Korean Pulled PorkSteven Raichlen
Smoked pork shoulder with the sweet, spicy, and fiery flavors of Korean barbecue. Sweet, salty, spicy, fiery, with those Asian umami flavors.
More Asian-Inspired Barbecue Recipes:
- Thai Veal Burger Sliders With Peanut Sauce
- Vietnamese Crispy Brisket Salad
- Basic Filipino Pork Steak Barbecue
Korean Pulled Pork
- Equipment: Insulated rubber gloves or meat claws for pulling and shredding the pork
- 1 Boston butt (bone-in pork shoulder roast, preferably skin-on; 5 to 6 pounds)
- 1 cup gochujang
- 1 KB Sauce (see recipe)
- 4 tablespoons (1/2 stick) melted butter
- 12 sesame seed buns, split
- Kimchi (use a good jarred or vacuum-sealed brand)
- Thai sweet chili sauce (one good brand is Mae Ploy)
Step 1: Place the pork shoulder in a deep baking dish. Spread the gochujang over the Boston butt on all sides.
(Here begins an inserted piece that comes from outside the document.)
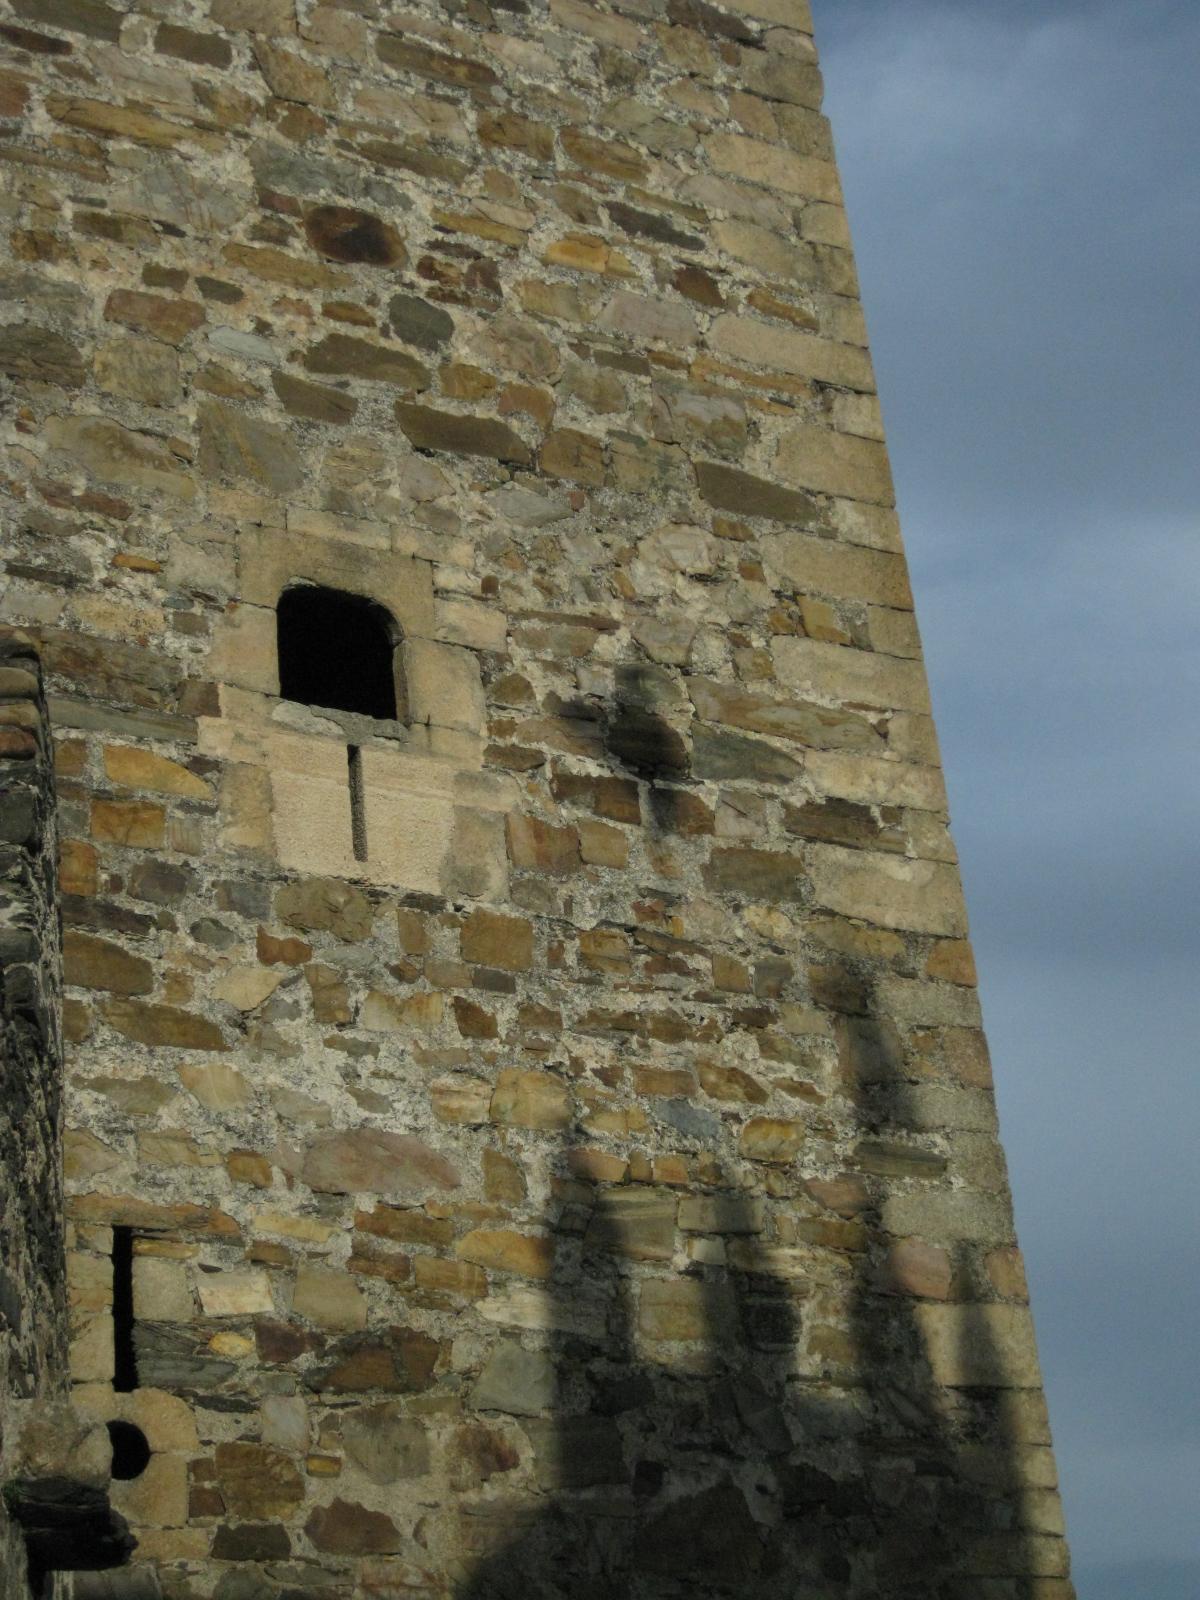 Sombras de otro tiempo. Castillo templario de Ponferrada

Loosely cover with plastic wrap and marinate in the refrigerator for 24 hours, the longer, the richer the flavor.
Step 2: Set up a smoker following the manufacturer’s instructions and preheat to 250°F. Add wood as specified by the manufacturer.
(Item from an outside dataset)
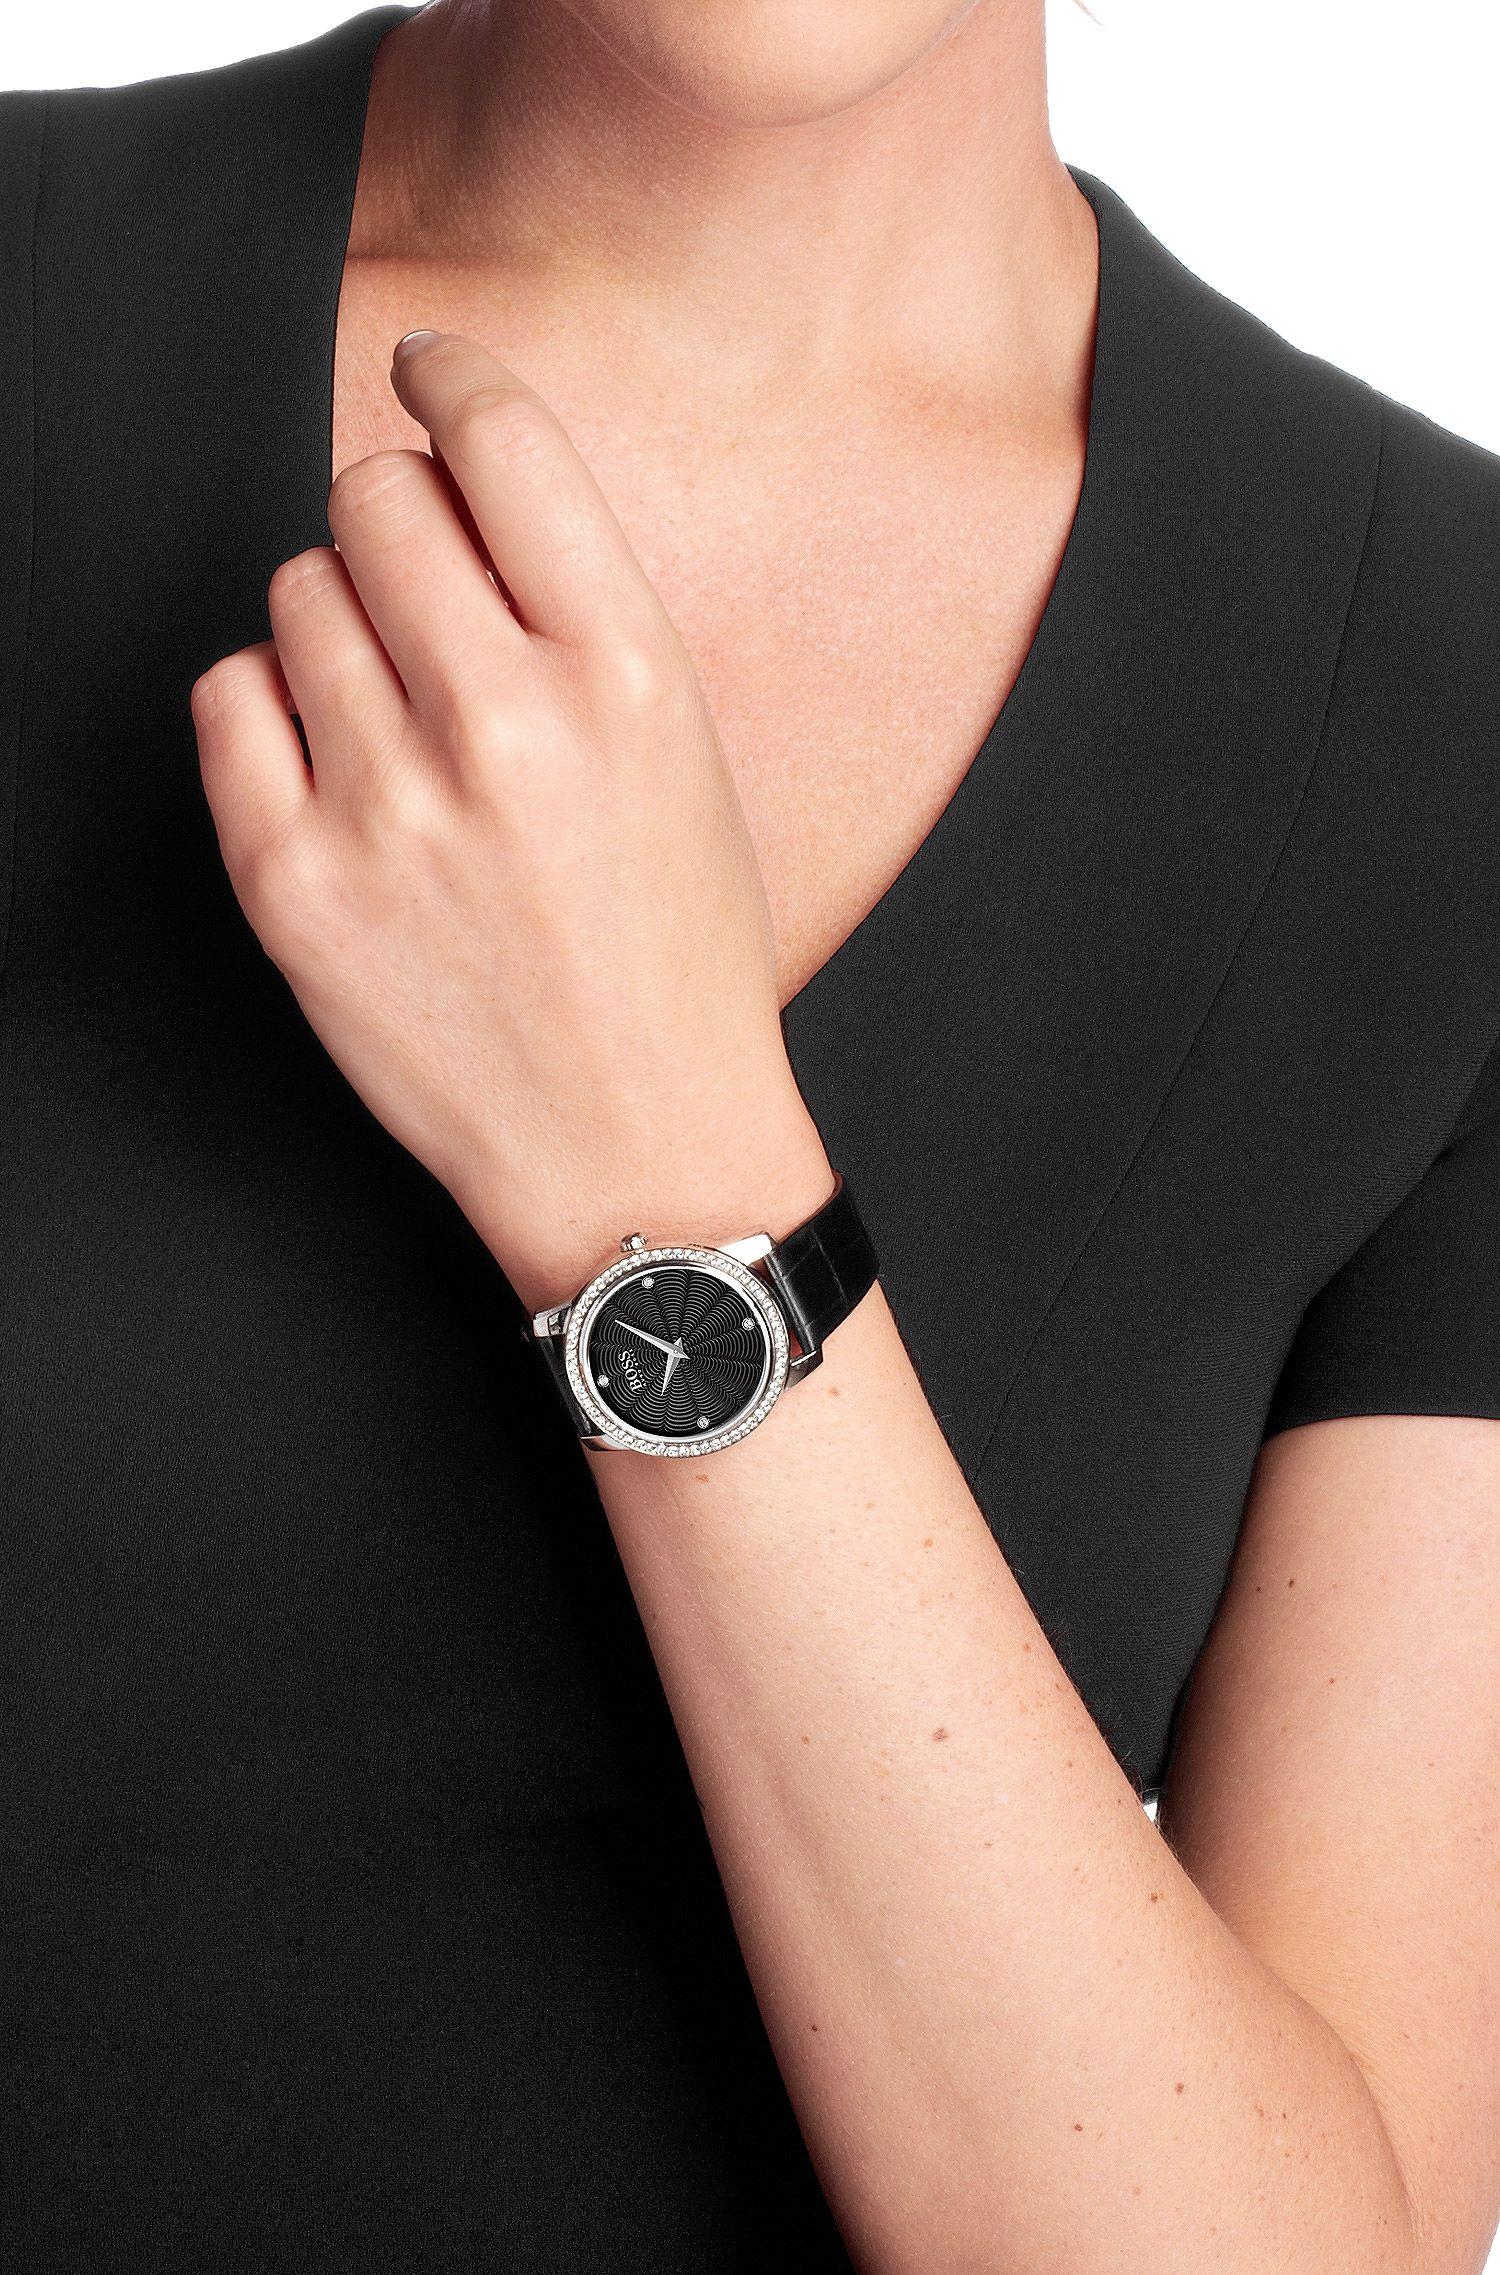 Montre femme à bracelet en cuir, HB6011

Step 3: Smoke the pork shoulder until darkly browned and crusty on the outside and the meat reaches an internal temperature of 195°F, 5 to 6 hours. Another test for doneness is to pull on the ends of any protruding bones—they should come out easily. Replenish the charcoal and wood as needed. There’s no point in rushing the process: If you don’t achieve the desired internal temperature, the pork won’t shred properly.
Step 4: When the pork is cooked, transfer it to a large cutting board or chopping block. Loosely tent with aluminum foil and let rest for 15 minutes.
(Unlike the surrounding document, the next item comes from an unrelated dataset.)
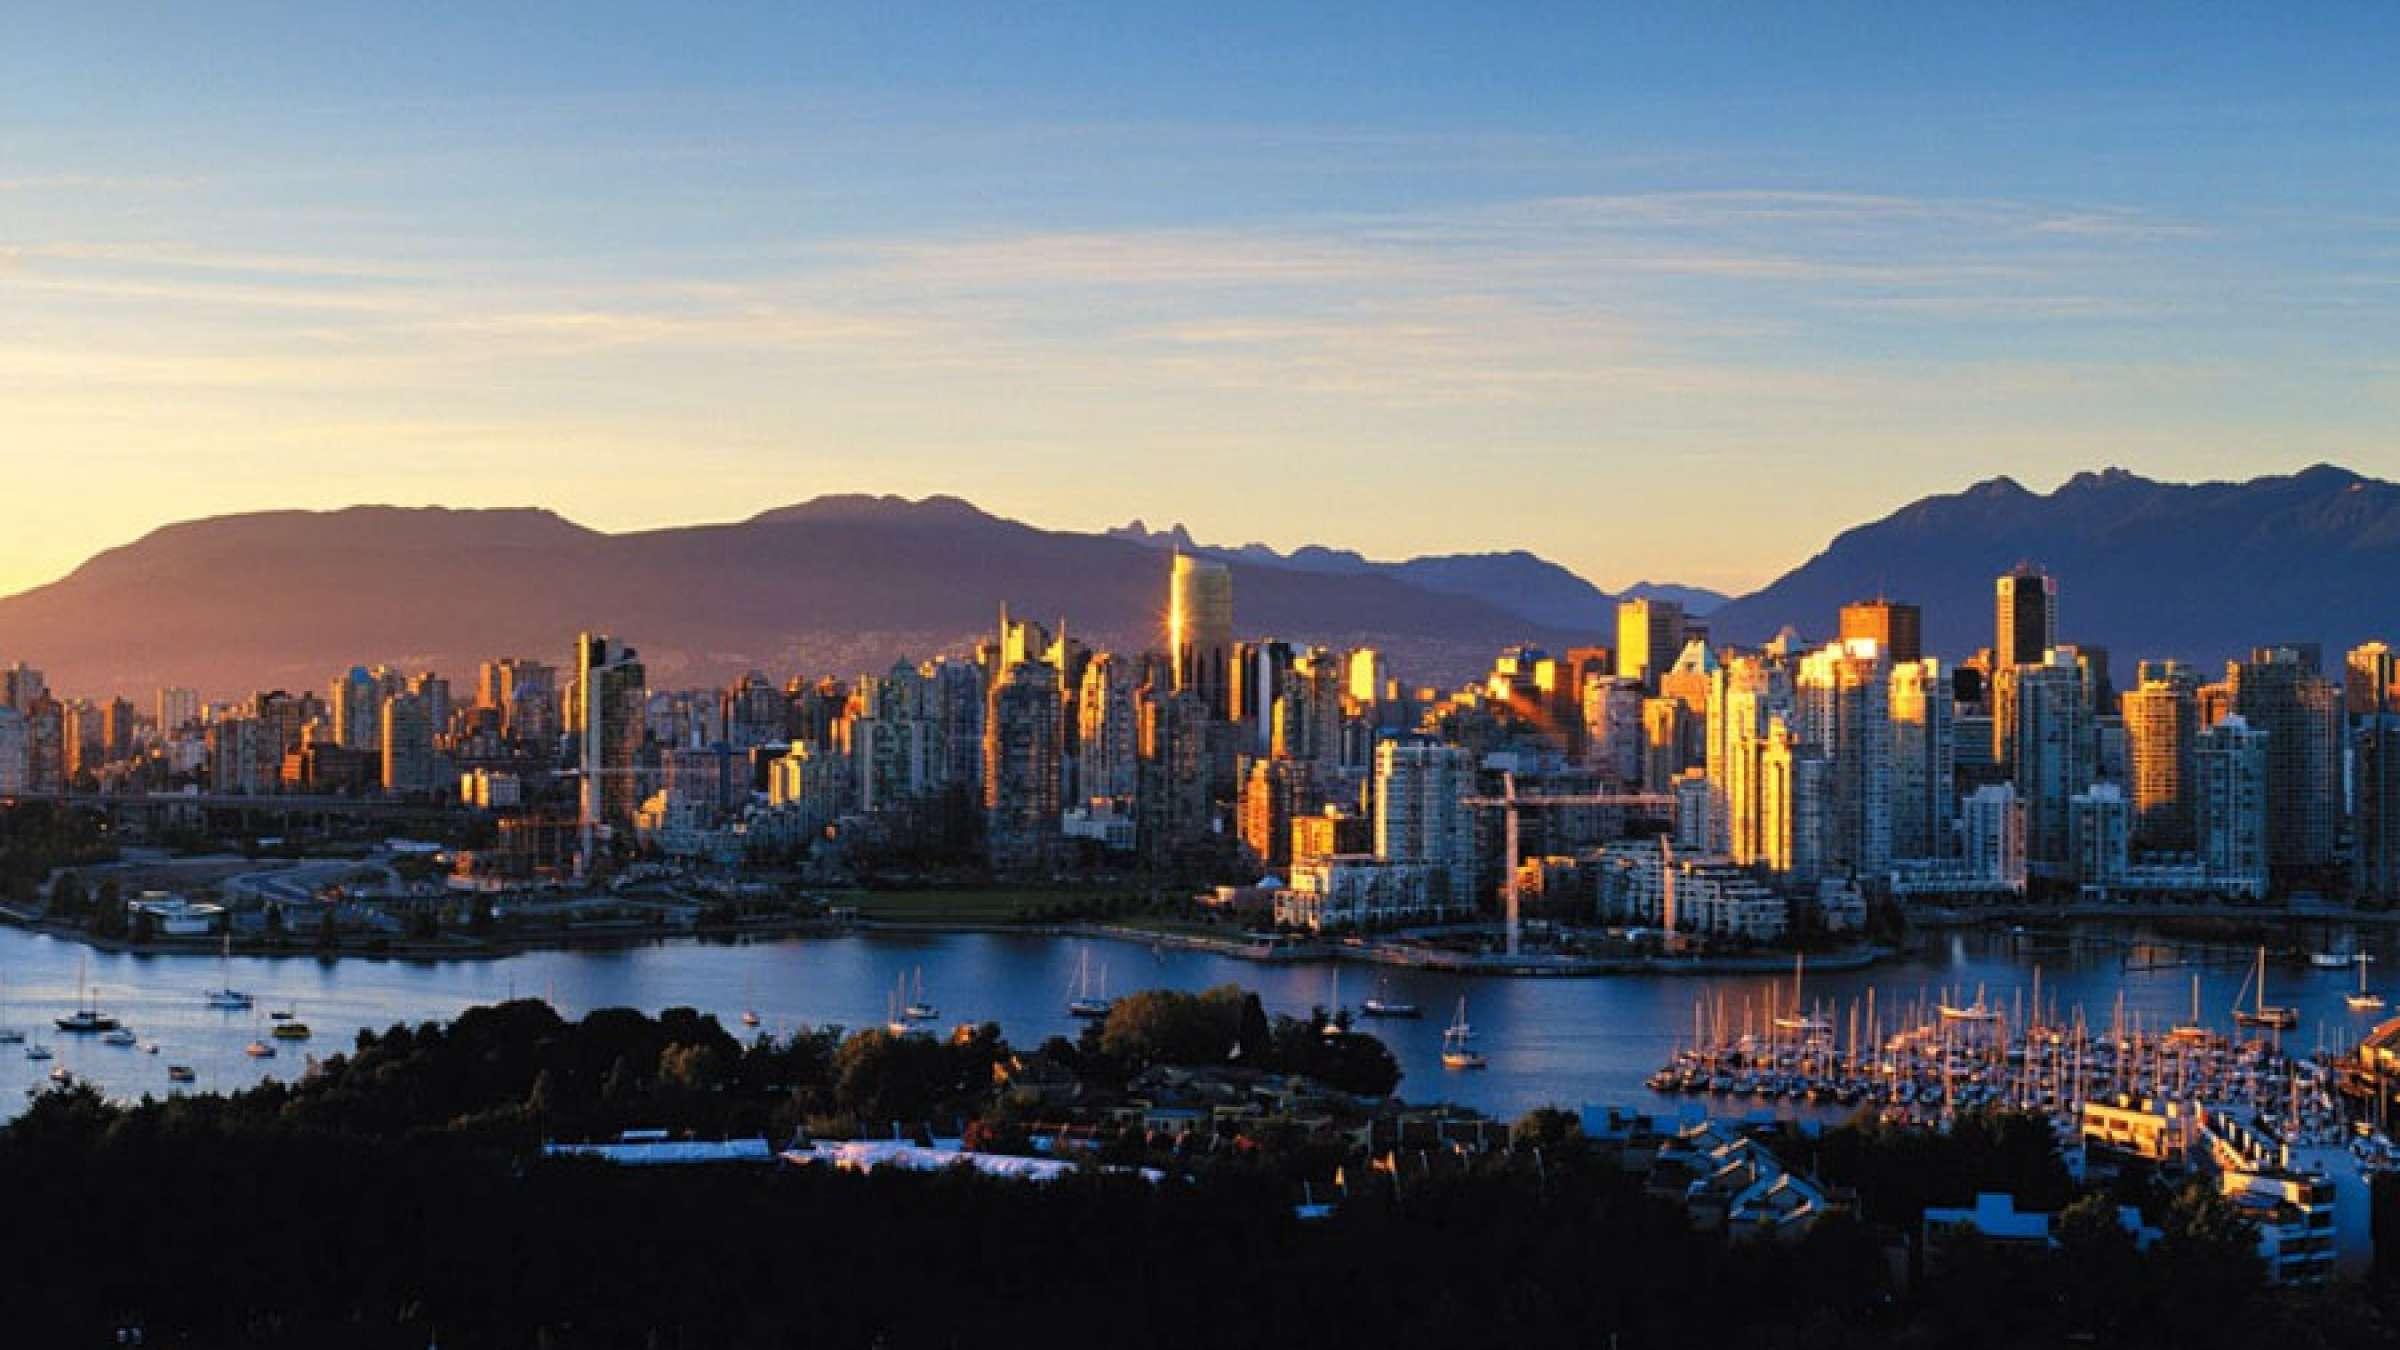 اخبار-کانادا-ونکوور-تغییر-ساعتش-را-حذف-میکند

Step 5: Pull off any skin and scrape any excess fat off of it. Crisp the skin over a hot fire on your grill, starting meat side down, or fry until crisp in hot vegetable oil (375°F).
Step 6: Pull out and discard any bones. Pull the meat into fist-size pieces, discarding any large lumps of fat. (Remember, you need some fat to keep the pork moist.) Using a cleaver or a heavy chef’s knife, coarsely chop the pork—the pieces should be between 1/4- and 1/2-inch in size. Alternatively, pull the pork into shreds using meat claws or two large forks.
Step 7: Transfer the pork to a large mixing bowl and stir enough KB Barbecue Sauce to give the meat a terrific flavor and make it moist (but not soupy). You’ll need about 1 cup.
Step 8: Now’s a good time to butter and grill or toast the buns.
Step 9: To serve, pile the meat on the buns—about 1/4 pound (3/4 cup) per sandwich. Top with kimchi and drizzle with sriracha and Thai sweet chili sauce, if using. Serve any extra KB sauce on the side. Wow!